Bölge üzerinde oynanan oyunların, tam bir asır önce Bediüzzaman’ın “Harb-i Umumî neticesinde yine o sû-i kast niyetiyle, Kur’ân’ın zararına gayet ağır şerâitle (şartlarla) -ecnebi zâlimlerin- kâfirâne fikirlerini icrâ etmek ve “devlet-i İslâmiyenin (Osmanlının) nurunu söndürmek niyetiyle müthiş bir su-i kast plânı” olarak tanımladığı “gaddarâne Sevr Muahedesi”ninin günümüzdeki versiyonu “büyük Ortadoğu projesi (BOP)”la süren “meş’um strateji”nin parçaları olduğu ortada. (Şuâlar, 619; Kastamonu Lâhikası, 17)
Menhus plân ve projenin, işgalci ve istilâcı emperyal güçlerin taşeron ve maşalarıyla körükledikleri krizlerle topyekûn İslâm coğrafyasında Müslüman halklar arasında husûmet ve fitne tohumları atmasıyla türetilen “peyk devletçikler”le İslâm dünyasını bölüp parçalamak olduğu, iki milyona yakın insanın katledildiği Irak işgali ve altı yüz bin sivilin can verdiği kanlı Suriye iç savaşında olup bitenlerle gözler önüne seriliyor.

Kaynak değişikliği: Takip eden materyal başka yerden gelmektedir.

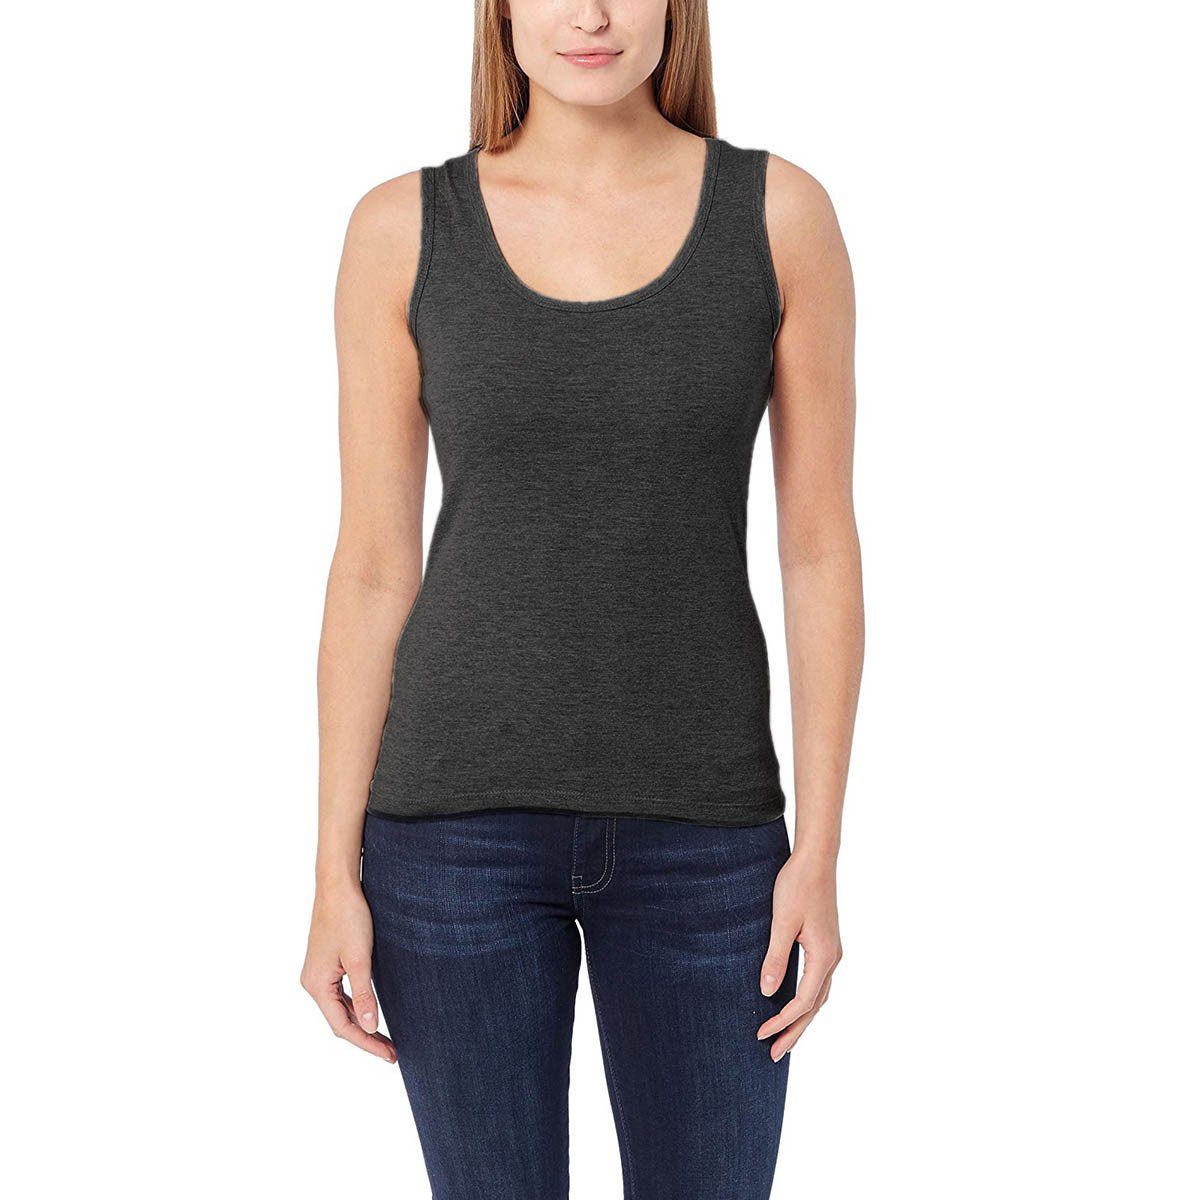 BYD Cropi Vest Women's Tee Shirt Image Charcoal XS

“KOMŞU, KARDEŞ VE BİRBİRİNE MUHTAÇ”
Buna dikkat çekmek içindir ki Bediüzzaman, Türkiye ile Suriye arasında hiçbir maslahatı olmayan sınırın hedefinin, ecnebilerin Müslümanları ırkçılık ve tefrika zihniyetiyle birbirine hasım hale getirmek olduğunu nazara verir. Aynı inancı, aynı tarihi, aynı kültür ve medeniyeti paylaşan, birbirine kardeş, komşu ve dindaş halkları tefrika komplosuna karşı ikaz eder.